Payroll taxes are a reality for every employee. Recently, during the COVID-19 pandemic, payroll taxes were suspended for certain workers. While this was helpful for some groups of people, not everyone benefited from this move.

Understanding what payroll tax is and what it means to certain employees is an important thing to learn about, especially if it affects you or your business. In this article, we will explore exactly what suspending payroll tax means.

What is Payroll Tax?

Payroll tax comes out of employees’ paychecks and goes toward government programs like Social Security and Medicare. In August 2020, former President Trump suspended payroll tax for workers making under $100,000 during the COVID-19 pandemic.

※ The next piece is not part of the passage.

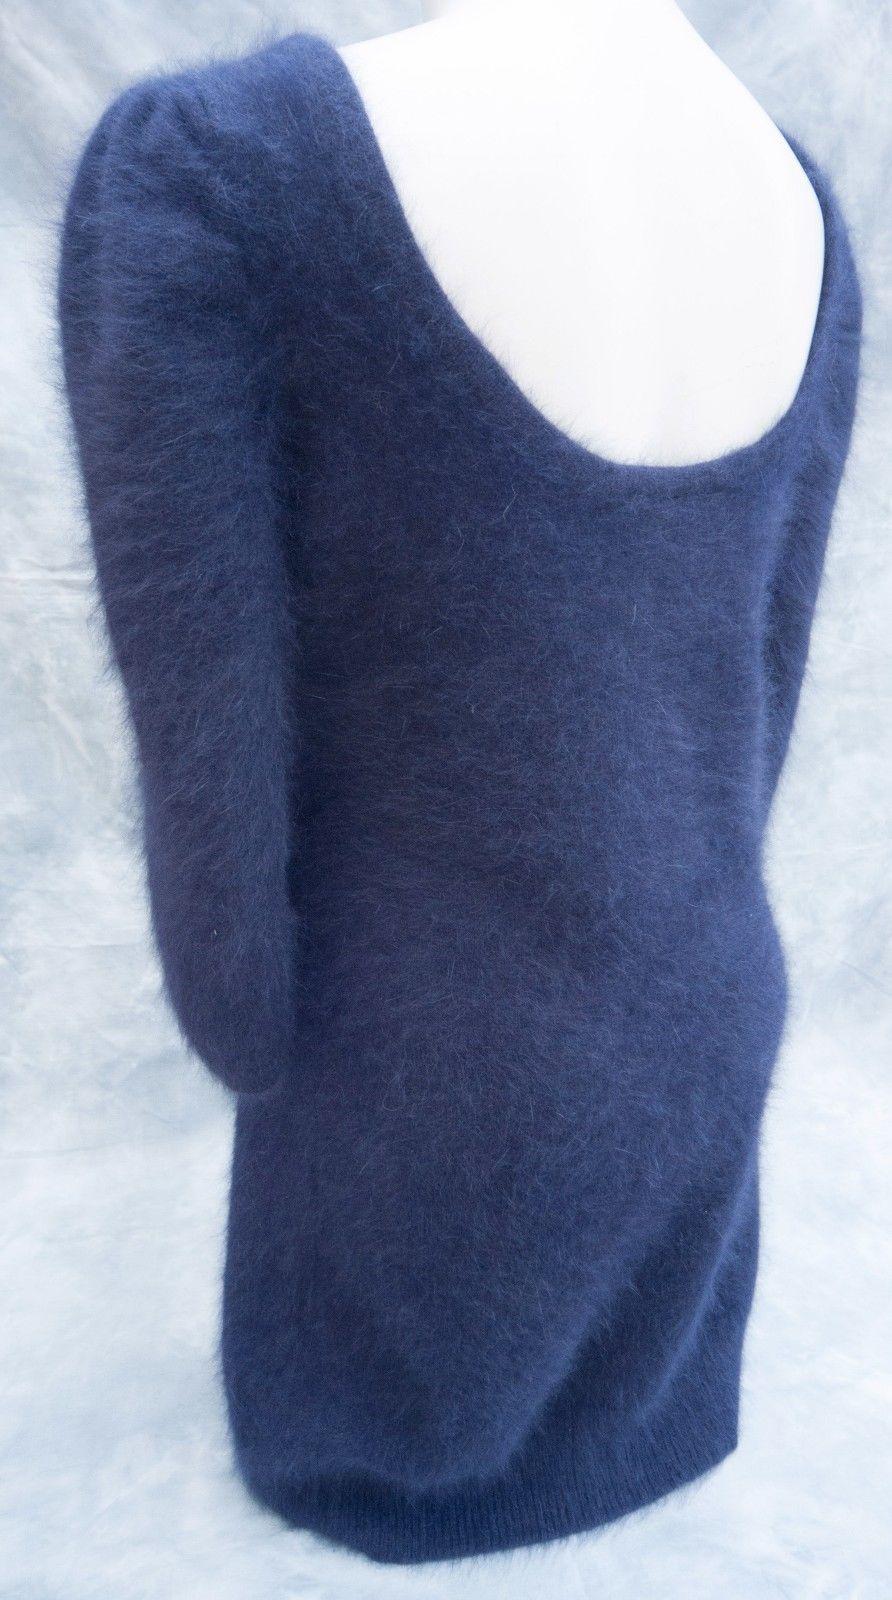 67806651_dress-by-warehouse-gs-5.jpg

As a result, employees could opt out of paying payroll taxes from September to December 2020 to January to April 2021. Workers who were eligible for the tax suspension had to pay back their taxes by April 2021 and resume paying payroll taxes normally afterward.

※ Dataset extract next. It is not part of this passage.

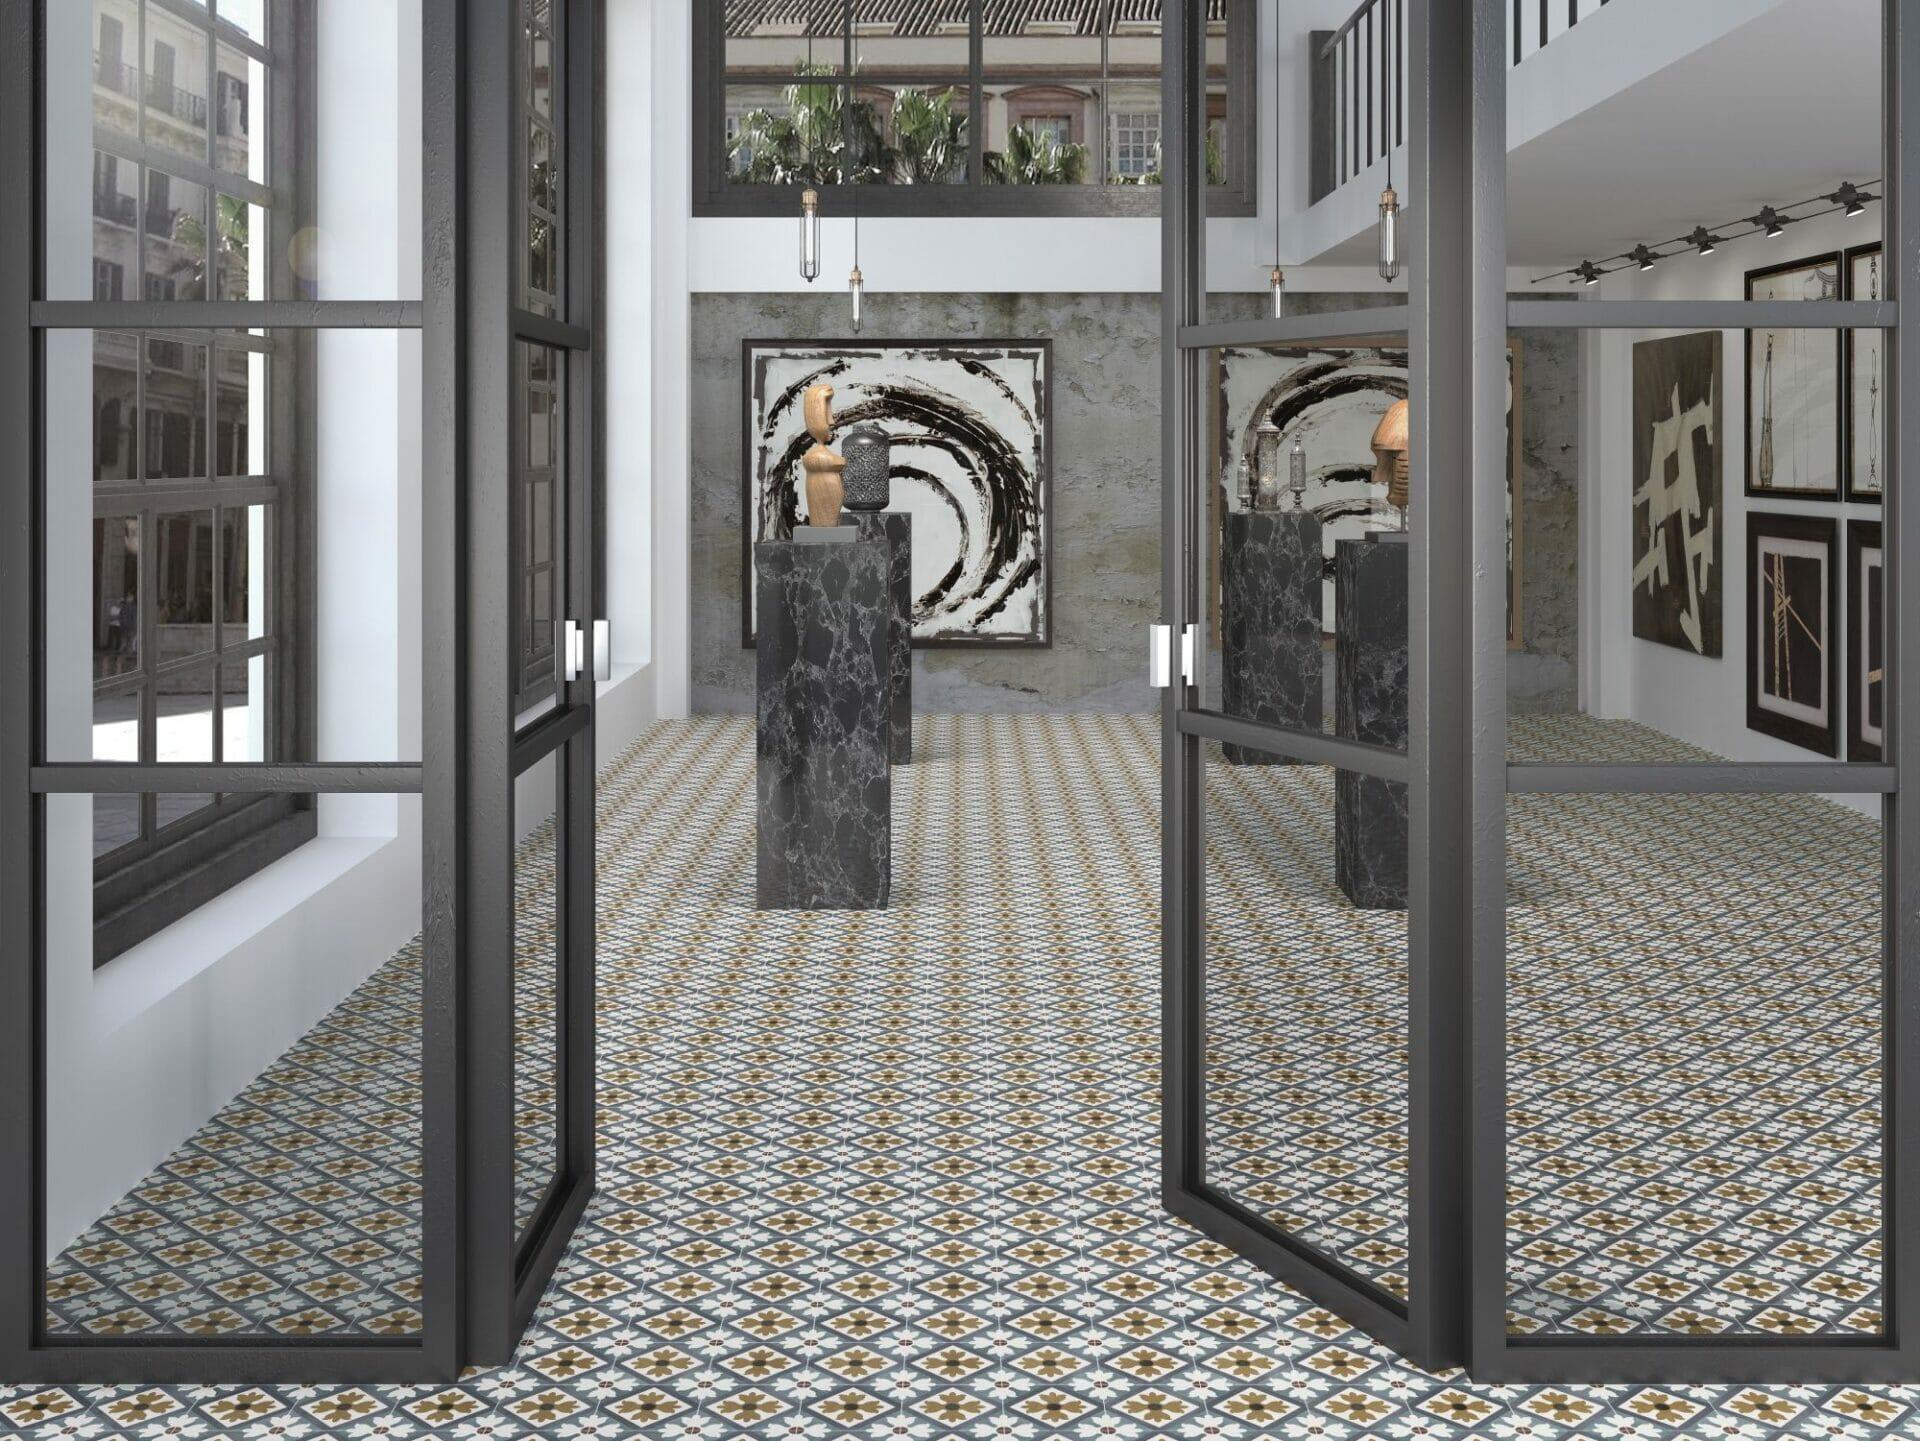 floriane-sweet-carole-carmen-tiles-patterned-flooring

If the taxes weren’t paid back on time, people faced penalties. Employers that don’t pay payroll taxes can end up having to pay double through the Trust Fund Recovery Penalty. Additionally, they must pay their original tax, plus the penalty that is equal to the amount of the tax. Interest is included.

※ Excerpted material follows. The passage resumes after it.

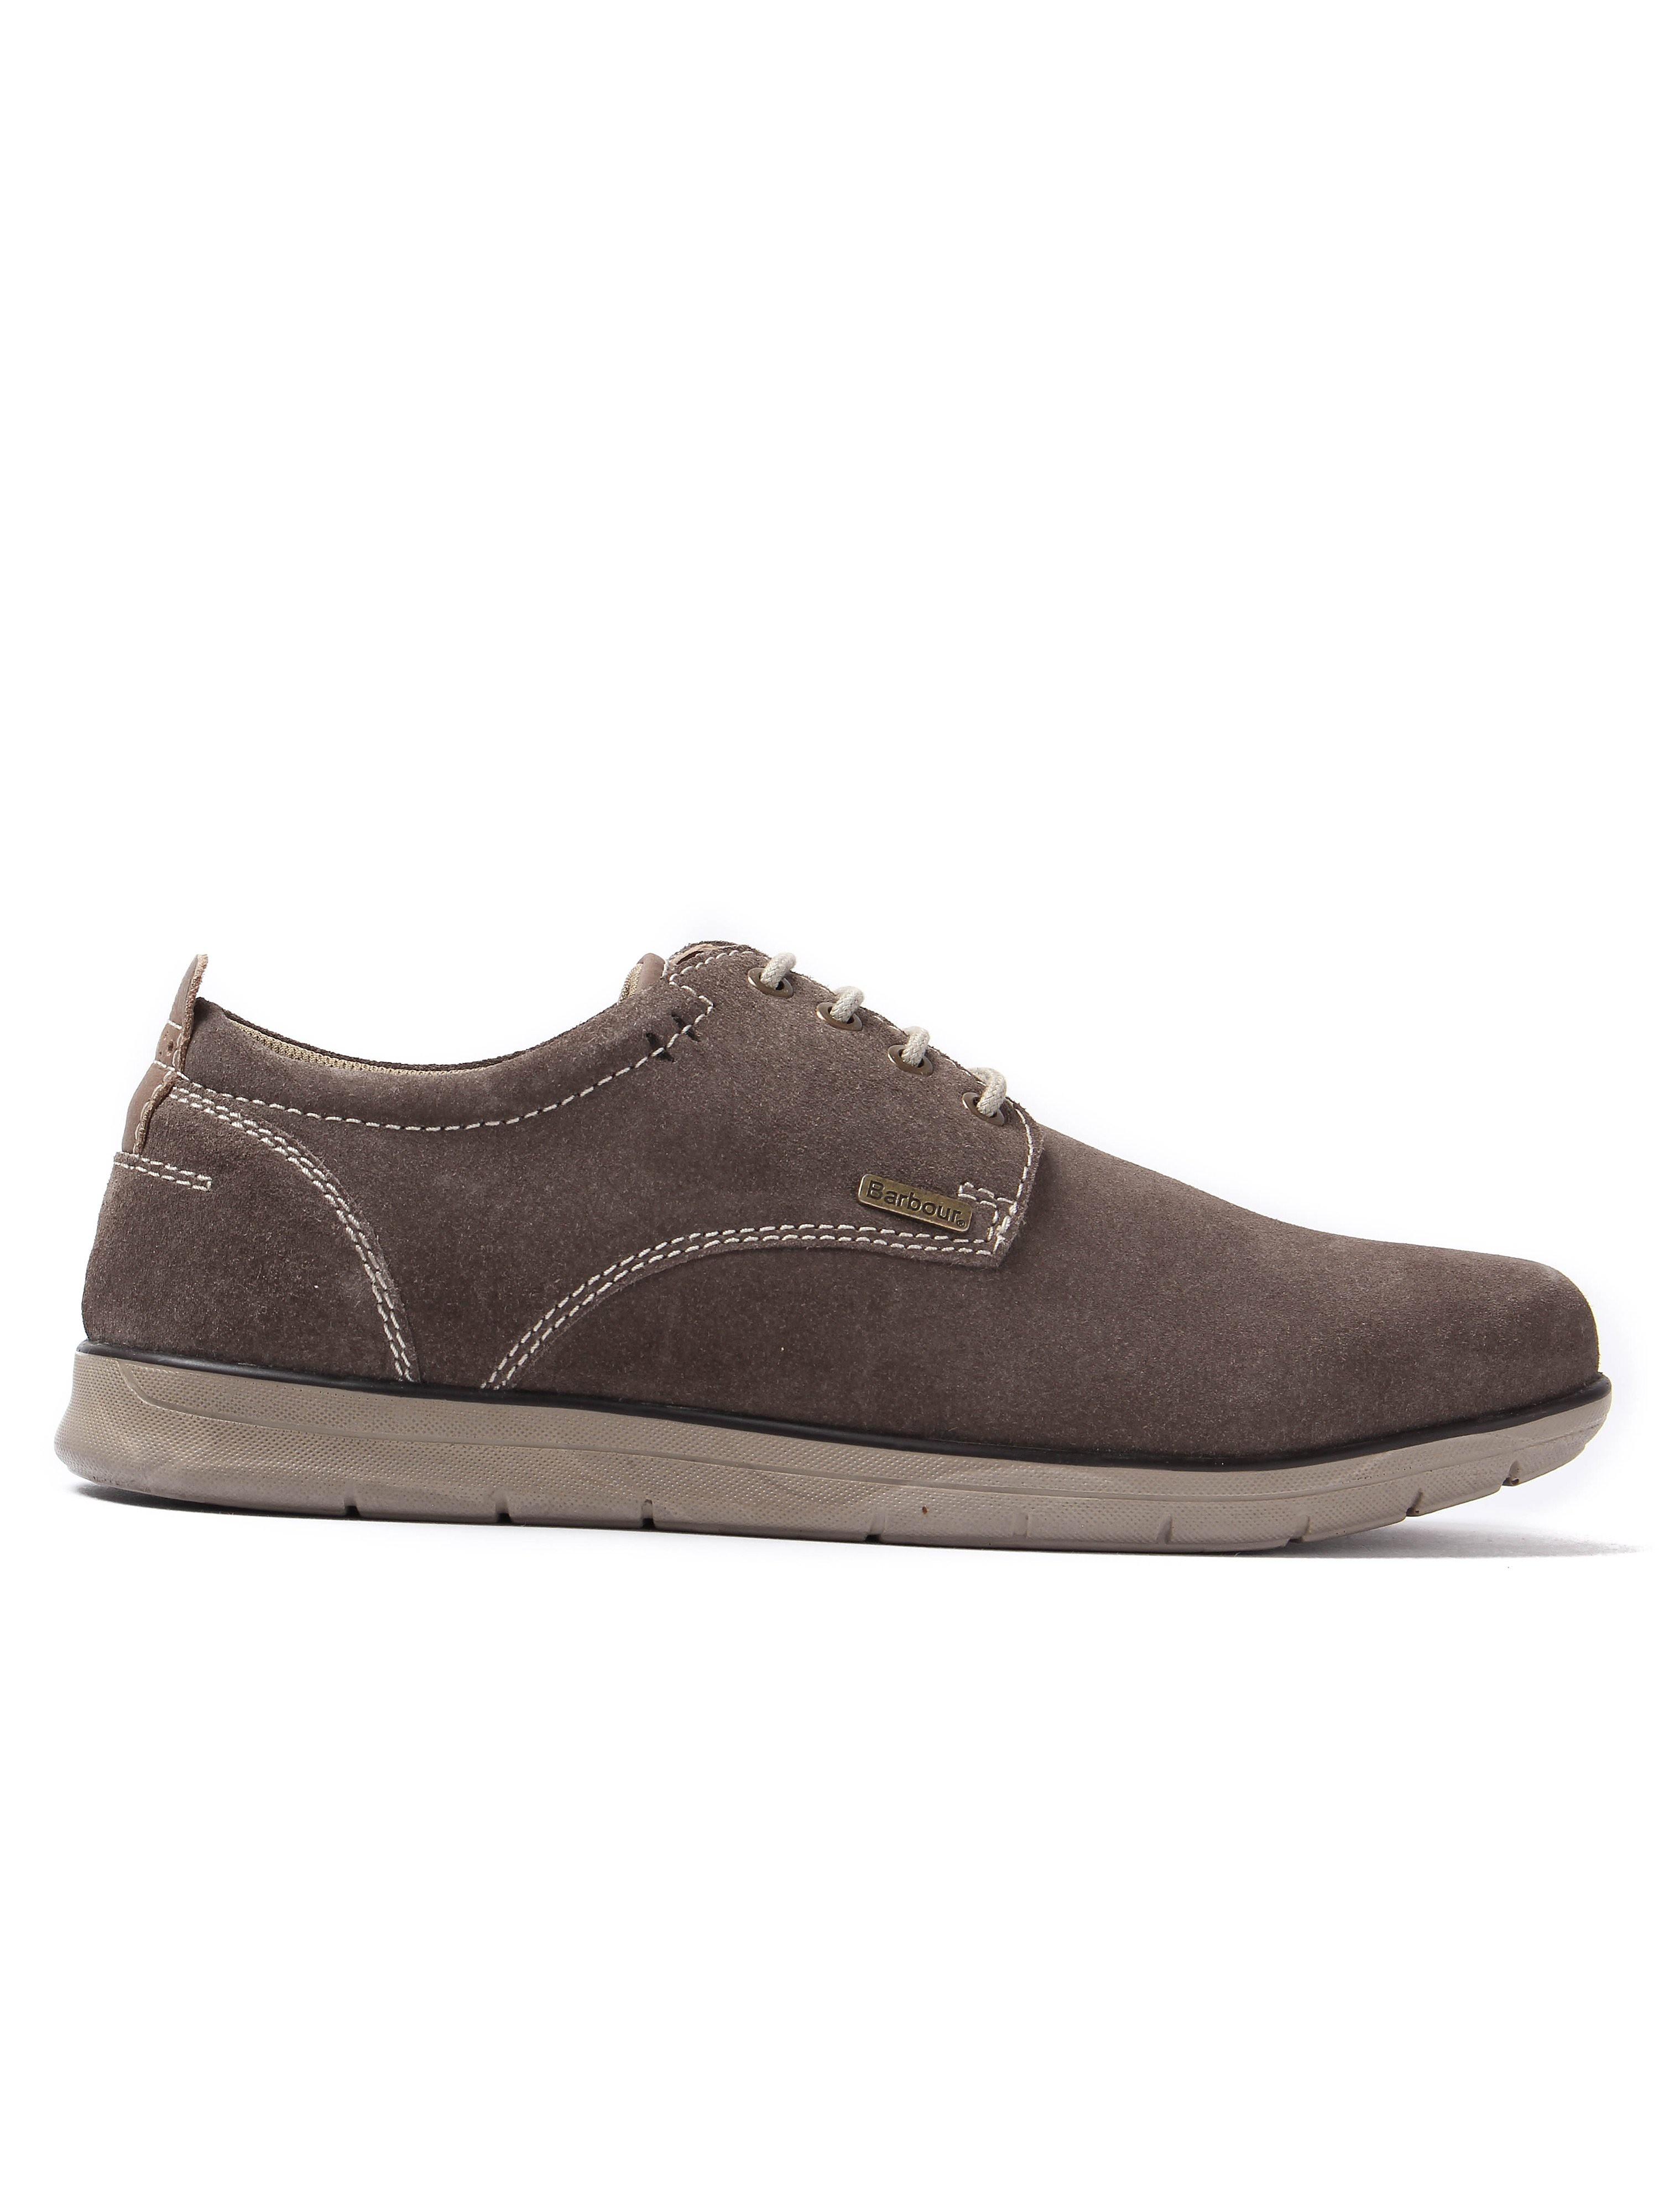 Barbour Men's Atkinson Chukka Shoes - Sand Nubuck

What Does Suspending Payroll Tax Mean?

Suspending payroll tax simply means employees won’t have to pay for the Social Security and Medicare taxes that get taken out of their wages. This isn’t a tax cut, though, so they’ll eventually have to pay the taxes back.

This can mean a lot of things for different workers. While self-employed people and businesses profit from payroll tax suspensions, the unemployed, front-line workers and more suffer.

Self-employed workers already pay a significant portion of their income to taxes, so a tax suspension could benefit them. Businesses may save money thanks to the tax suspension. For example, Amazon reported paying around $2.4 billion in payroll taxes in 2019. As such, a payroll tax would likely work to its advantage.

As for the rest of the workforce, payroll tax suspension may not mean the same big savings. Unemployed people obviously won’t benefit from a tax suspension because they don’t pay payroll taxes. Unfortunately, the unemployed are the people who were hit hardest by the COVID-19 pandemic, and they won’t be the ones benefiting from this. People who are retired or disabled also will not gain any benefits from a tax suspension.

Front-line workers, while benefiting more than the unemployed, don’t stand to gain much from payroll tax suspensions. If you work 40 hours a week and make $15 an hour, the tax suspension will only save you about $180 per month. Social Security and Medicare will also obviously not gain anything during the suspension. This may also exacerbate existing financial problems within these government programs.

Bottom Line: Understanding the Implications of the Payroll Tax Suspension Matters

Overall, payroll tax suspension means certain people will benefit from not having to pay payroll taxes, while others may hit a roadblock. The COVID-19 tax suspension probably helped out workers who make under $100,000 a lot during the pandemic.

However, it’s important to remember that it is a tax suspension, not a cut, so everyone eventually had to pay their taxes back. On top of this, everyone must continue paying payroll taxes normally post-April 2021.